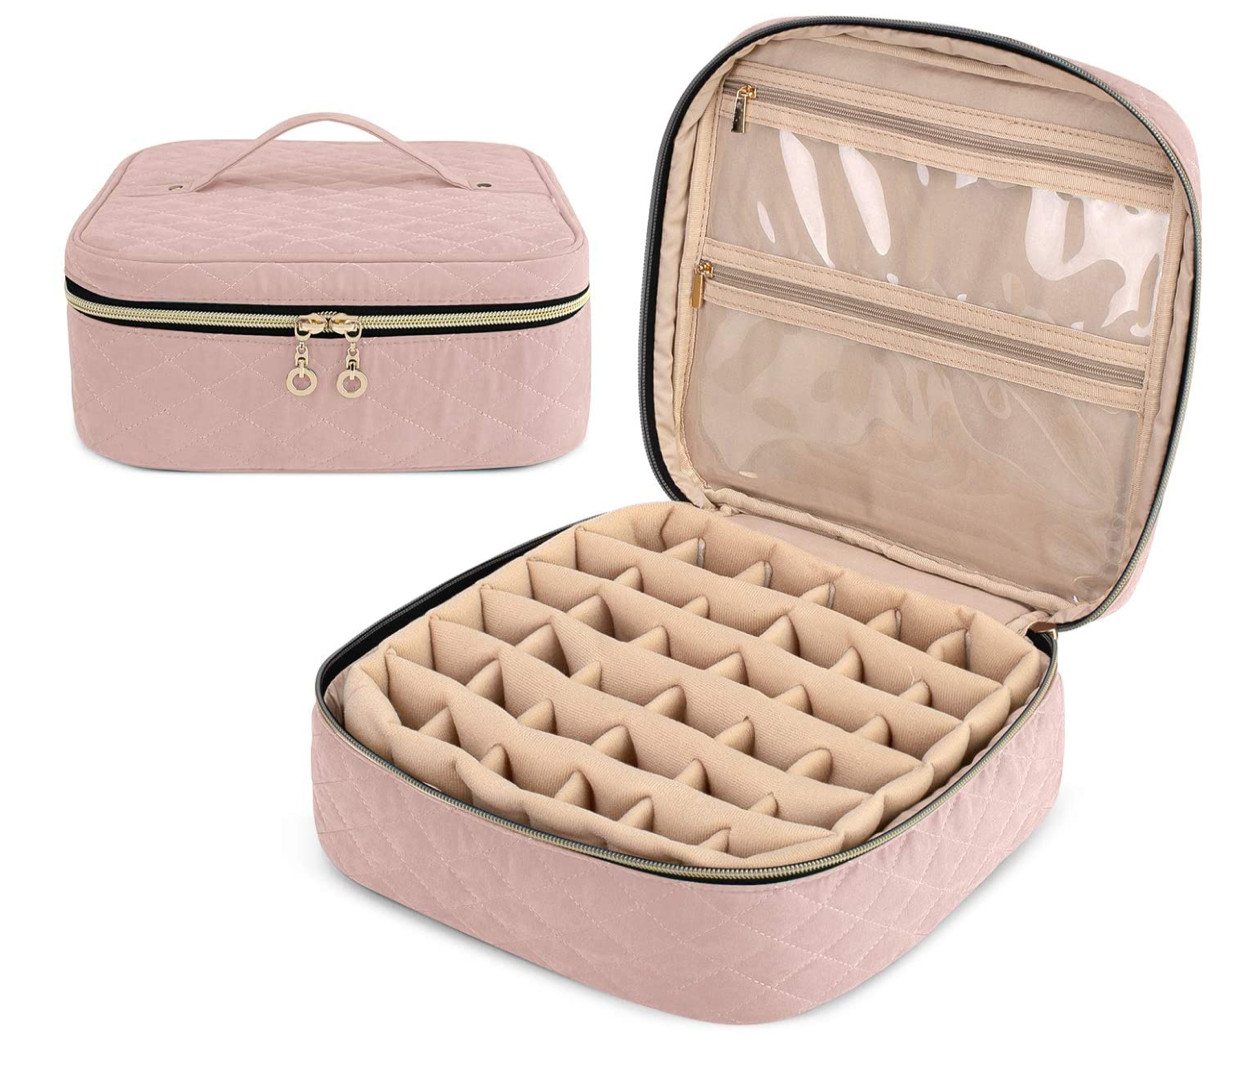 Essential Oil Carry Case (Holds 36 Bottles)
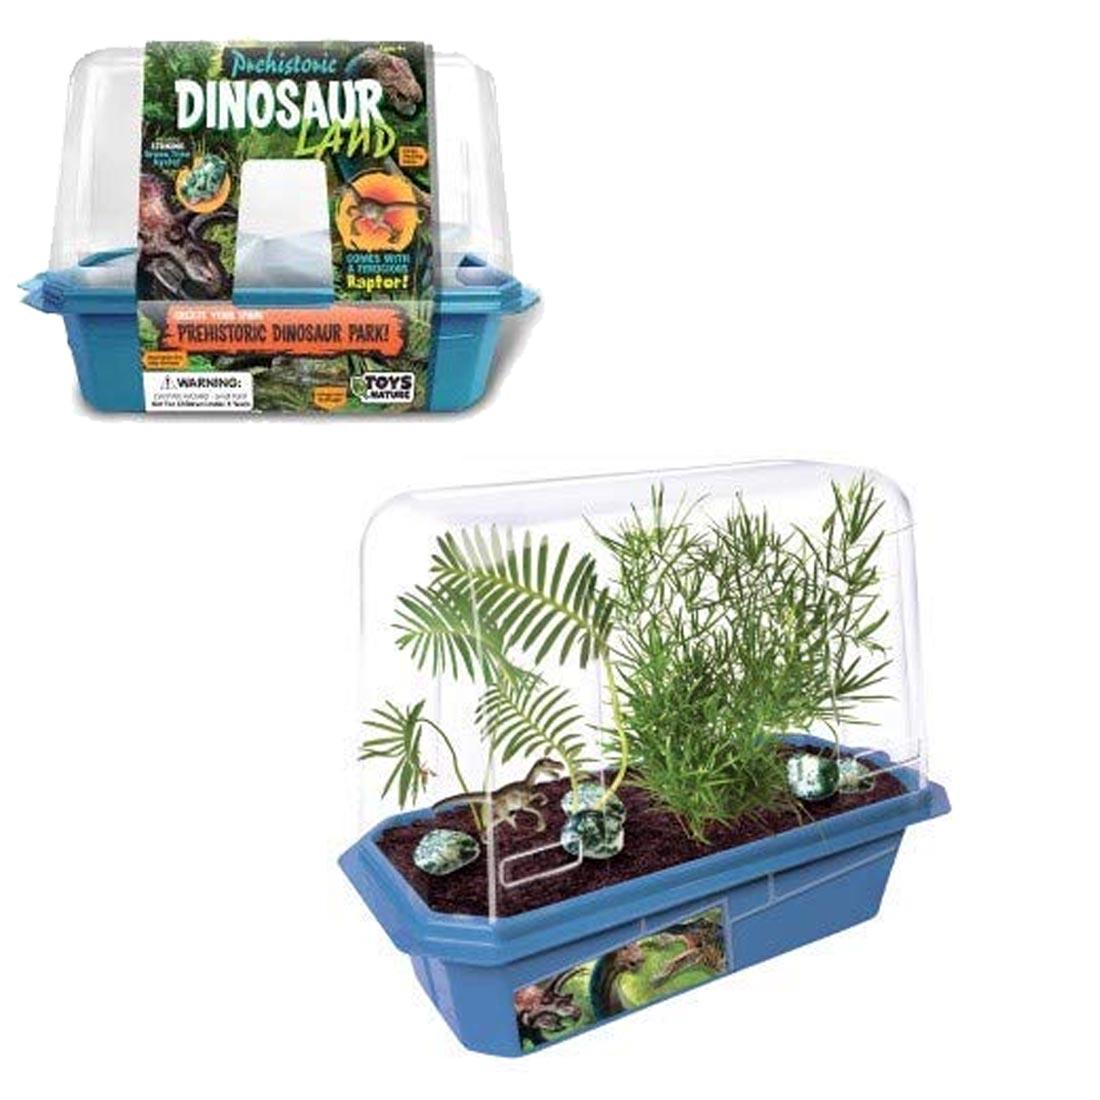 Prehistoric Dinosaur Land Package plus an example of one with grown plants
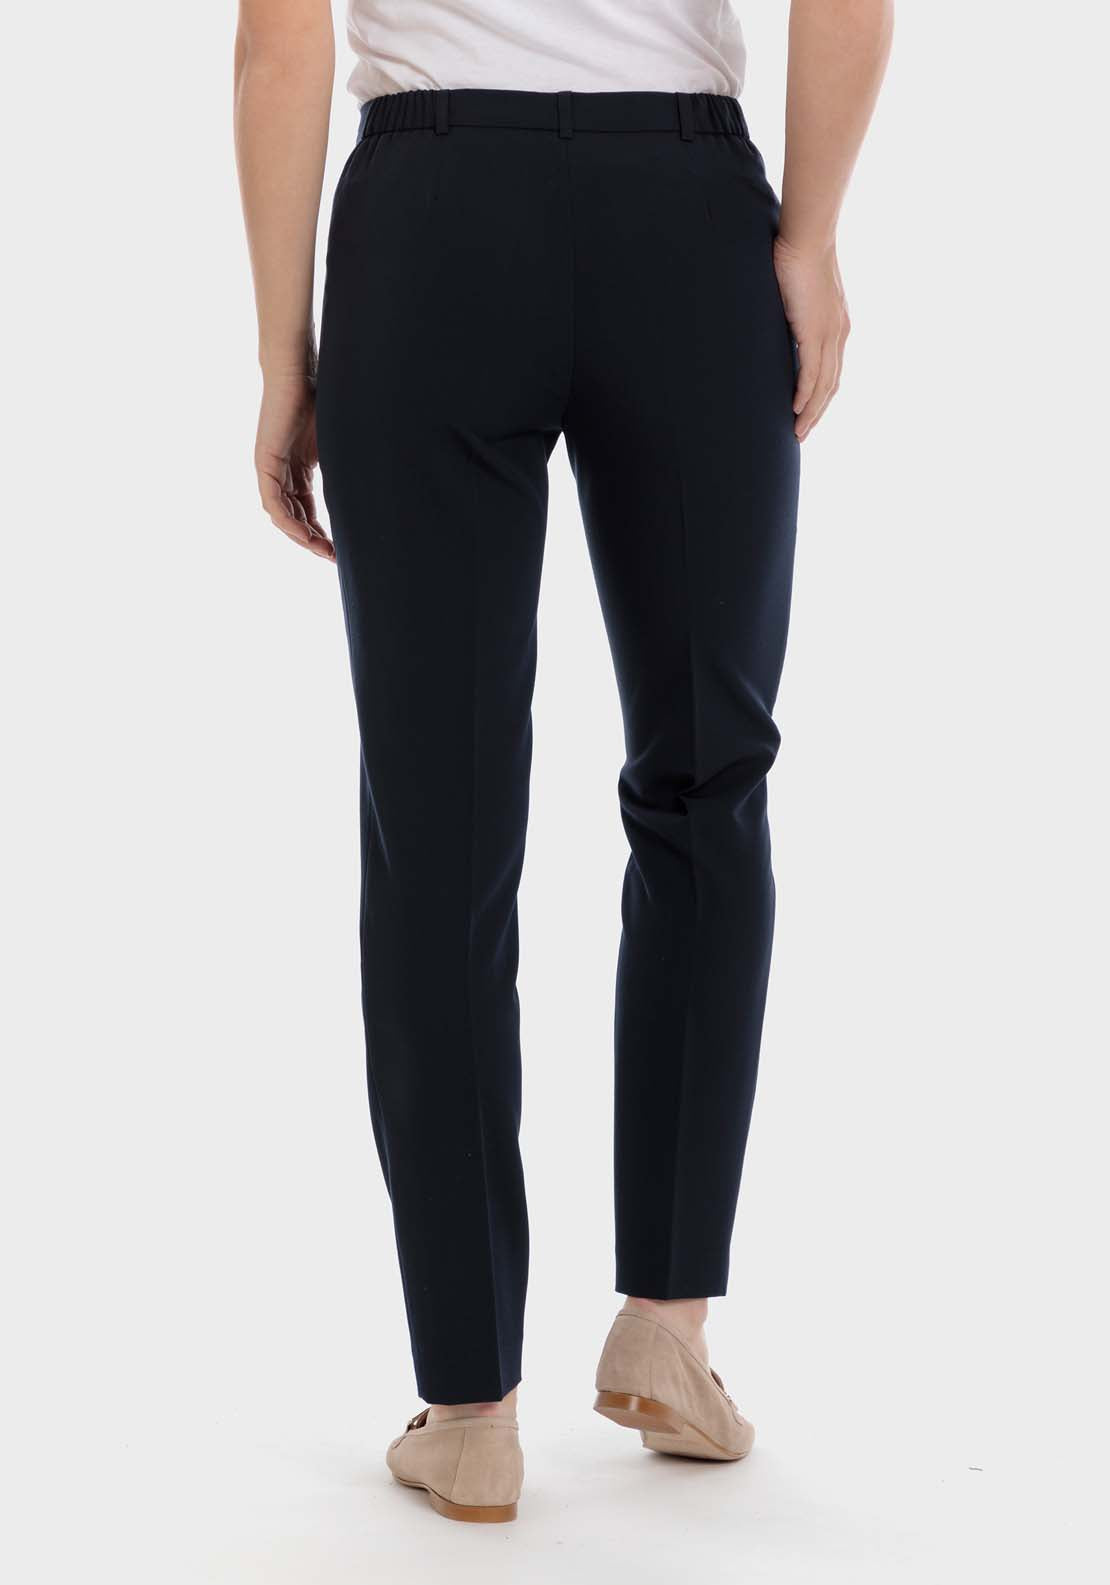 Punt Roma Viscose Trousers - Navy 2 Shaws Department Stores

------

=== Aim of the exercise ===
Across all the lines above, repeat the wording exactly and omit the pictures.

=== Your solution ===
 Essential Oil Carry Case (Holds 36 Bottles)
 Prehistoric Dinosaur Land Package plus an example of one with grown plants
 Punt Roma Viscose Trousers - Navy 2 Shaws Department Stores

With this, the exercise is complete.